The need for such a bill is clear. Cancer Alley, an 85-mile stretch along the Mississippi River between Baton Rouge and New Orleans, is home to more than 200 refineries and petrochemical plants. This region also has some of the highest cancer rates in the country, where Black and low-income communities are disproportionately affected. Essentially, it is ground zero for the kind of toxic industrial air pollution that SB 356 was specifically designed to address in the state.

Currently, the Louisiana Department of Environmental Quality monitors air quality at fewer than two dozen sites statewide and tracks only six pollutants. Kimberly Terrell, a scientist with the Environmental Integrity Project who has extensively studied the health impacts of industrial pollution in Cancer Alley, told lawmakers that Louisiana’s existing equipment is not designed to detect many of the most toxic chemicals in emissions, such as ethylene oxide and vinyl chloride.

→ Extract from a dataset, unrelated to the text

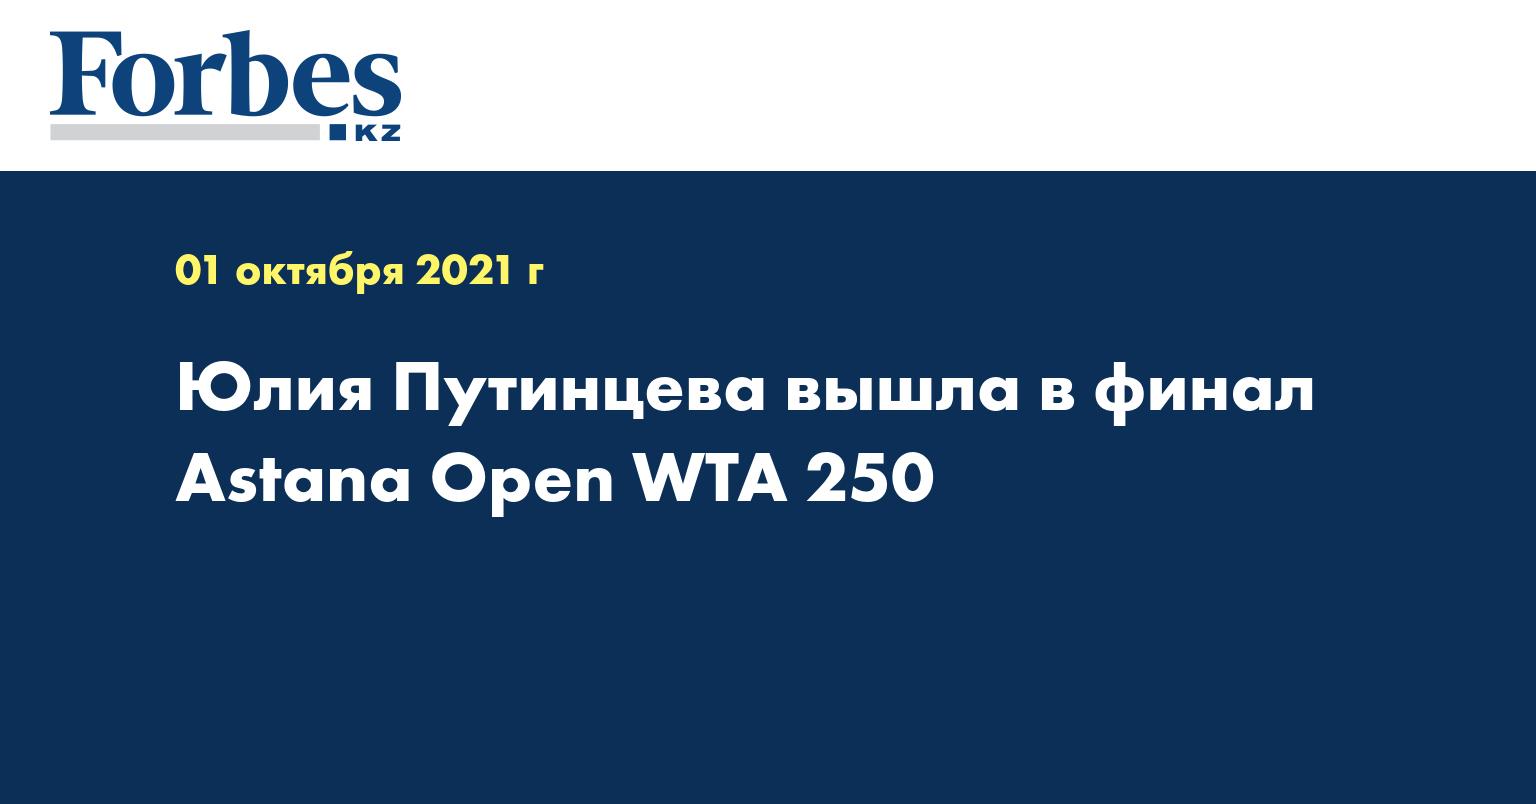 Юлия Путинцева вышла в финал Astana Open WTA 250

The Senate Committee on Environmental Quality has taken no action on Duplessis’ bill, ensuring its failure with days left in the legislative sesion.. The bill would have covered 117 facilities deemed “highest risk” based on the pollutants they emit, benefitting many communities in Cancer Alley. 

Tish Taylor, who leads Concerned Citizens of St. John, a grassroots organization fighting for environmental and health protections in Cancer Alley, said SB 356 was critical. She expressed that its failure to gain support was expected, but still a disappointment.  

“States like California are doing it,” she said. “So can we.”

To be sure, some concerns about SB 356 are worth noting. One committee member raised the possibility of false readings, worrying that industrial plants could be blamed for pollution they did not cause. A lobbyist for the Louisiana Chemical Industrial Alliance argued that companies already exceed legal monitoring requirements, and hourly data would trigger unnecessary panic.

But these concerns also deserve scrutiny. False readings are a legitimate concern, yet California’s fence-line monitoring program, now nearly a decade old, has shown that real-time community air monitoring is reliable and feasible. And if we are weighing risks, missing a genuine toxic release because monitoring is too limited is far more dangerous than a false alarm. 

As for the industry’s claim that current monitoring is sufficient, Cancer Alley residents, who continue to face some of the highest cancer rates in the country, have not felt the benefit of these efforts. If frequent monitoring risks causing panic, the answer is better public communication, not less transparency. Louisiana is far from the only state grappling with industrial air pollution, but its lawmakers are increasingly alone in their reluctance to do something about it. SB 356 was far from a radical proposal. It was a reasonable step toward transparency, modeled on a program that has already been successfully implemented elsewhere. 

The people of St. John the Baptist Parish, and many other communities in Cancer Alley, cannot afford for Louisiana’s leaders to keep looking away. At some point, our elected officials must decide that the health of communities, families and children matter more than the interests of the oil and petrochemical industry that surrounds them.